I'm quite taken with the Aristo Classic Delton freight cars.  I'm looking for the Classic boxcar, flatcar and gondola in D&RGW livery.  I've checked the usual retailer websites to no avail.  Ditto with e-bay.  Any thoughts or obscure websites I might have missed as to a place to obtain these items?

Eric


----------



## altterrain (Jan 2, 2008)

Eric,

Also keep an eye out for the USA woodsided 30 foot boxcars. They are the same size and scale (1:24) as the AristoClassic cars. I like them a bit more. They ran 3 different numbers of D&RGW boxcars.

-Brian


----------



## East Broad Top (Dec 29, 2007)

The USA wood box cars are virtual clones of LGB's cars. They're nearly the same size as the Delton/Aristo cars, but just slightly different. There's enough variation to where you can tell they're different in a train, but not enough to where they look odd. They compliment each other quite nicely. 

Wholesale Trains and St. Aubins both seem to indicate they have the D&RGW box cars in stock. I didn't look for the flats or gons. 

Later, 

K


----------



## chuck n (Jan 2, 2008)

It has been a long time since I purchased any 1:22.5 (LGB) or 1:24 (Delton, USA).  The box cars and reefers all run well together.  The Delton and USA cars are a little bit lower.  If you look at pictures of the real thing you will notice that not all the cars are the same height.  These cars do not look good mixed with 1:20.3 rolling stock.

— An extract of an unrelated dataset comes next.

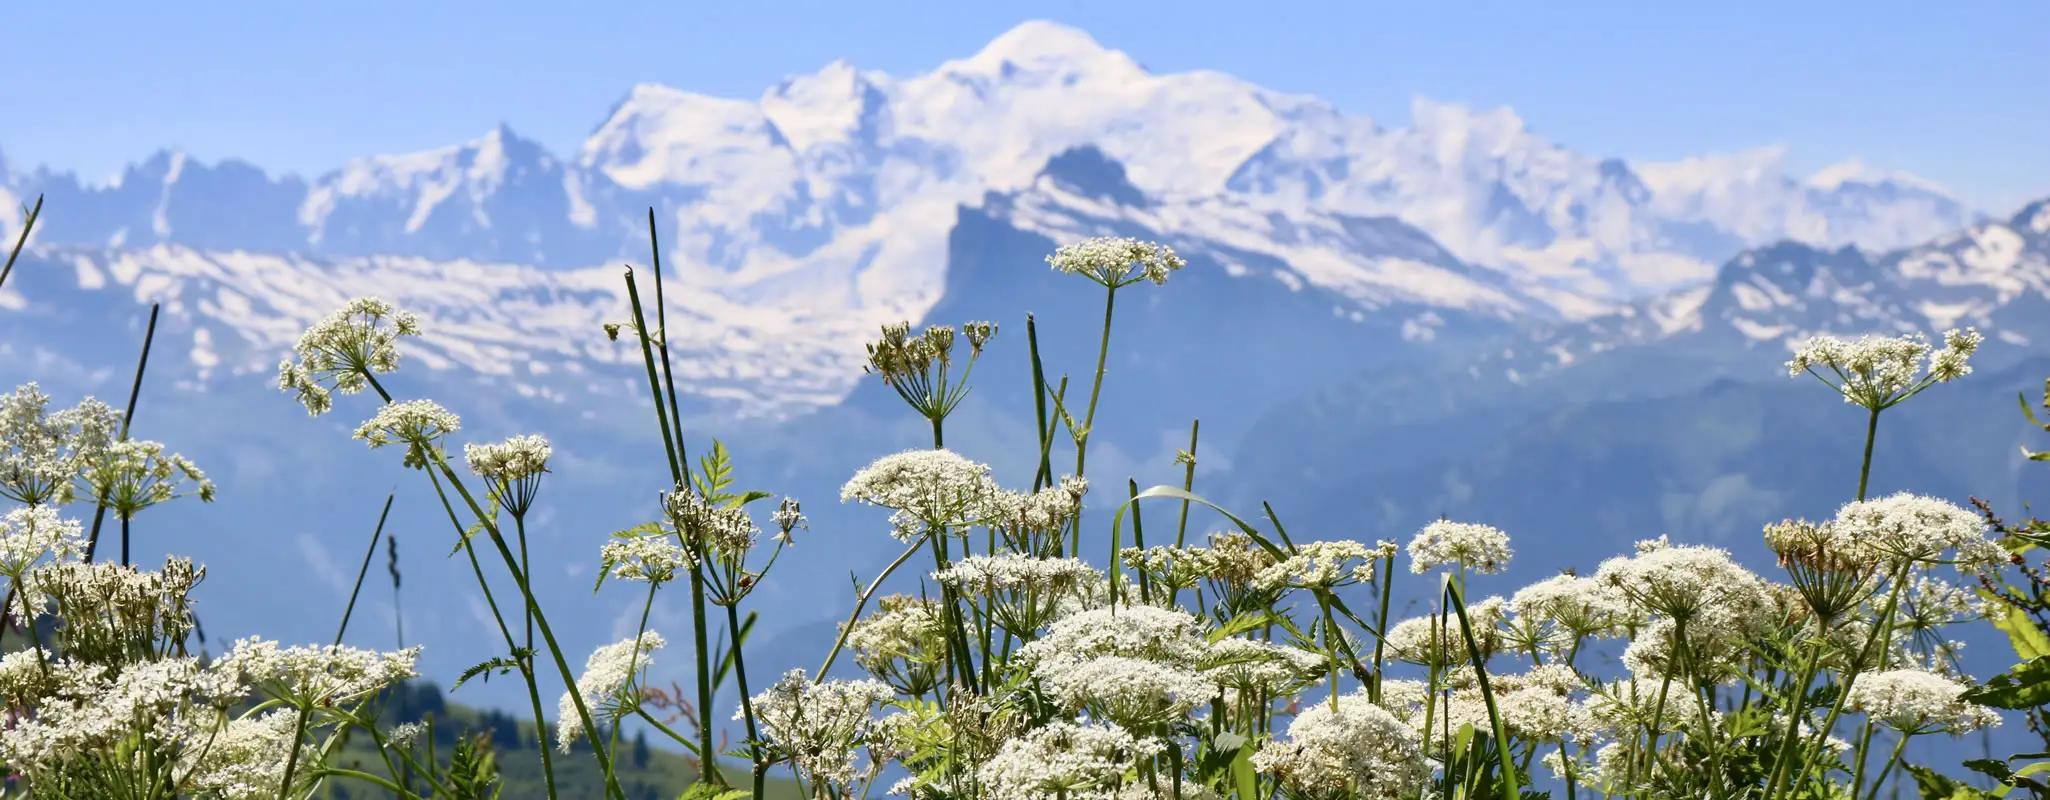 Woodlands Chalets - Mont Blanc landscape

My memory may be wrong, but I don't remember any flats or gons by either Delton or USA.  The only cars of that type that I remember were by LGB.  Delton did have a hopper/ore car, but it definitely wasn't a gon.

Chuck N


----------



## Great Western (Jan 2, 2008)

Hi Eric,

   The Bachmann Big Hauler 1:22.5 range had gonds, boxcars and flats,  Have you looked at their products?  I have quite an amount of it (not the 1:20 that's too large) and I am sure it would fit in with Delton and LGB and the USAT 1.24 stock.


----------



## chuck n (Jan 2, 2008)

Eric: 

Alan is correct. I got a flat and gon with my Big Hauler many years ago. As I remember, they didn't come with D&RGW lettering. I think that I had to repaint and decal them for the Rio Grande. 

You might check the Bachmann site and see what they have. Their older stuff is not 1:20.3.

Chuck N


----------



## markoles (Jan 2, 2008)

Eric,


The aristo classic line appears to be well filled out, boxcars, gons, flatcars, etc..  Wholesale trains lists lots of product, so its likely you'll be able to find what you are looking for through them.  


Mark


----------



## chuck n (Jan 2, 2008)

I just checked the Big Hauler box. The gon came lettered for the Rio Grande, but I repainted and relettered the engine, flat, and caboose. 

Chuck


----------



## Eric Cooper (Jan 3, 2008)

Thanks to Brian, I located and ordered the boxcar and flatcar from Nicholas Smith Trains. Guess I didn't dig hard enough. Still looking for a gon. Thanks Brian!


----------



## Skip (Jan 2, 2008)

For the gons, try Southeast trains - they also turn up fairly often on Ebay.


----------



## Richard Smith (Jan 2, 2008)

Eric, 

Delton also made a reefer. It's size is virtually identical with Bachmann's 1:22 reefer as both are only of nominal scale. 









The nearest car is a Delton, the other by Bachmann.


----------



## Eric Cooper (Jan 3, 2008)

Jeez Richard, is that your layout? When I first glanced at the picture before I read your response, I thought they were real. Beautiful setting and weathering, buddy. 

Eric


----------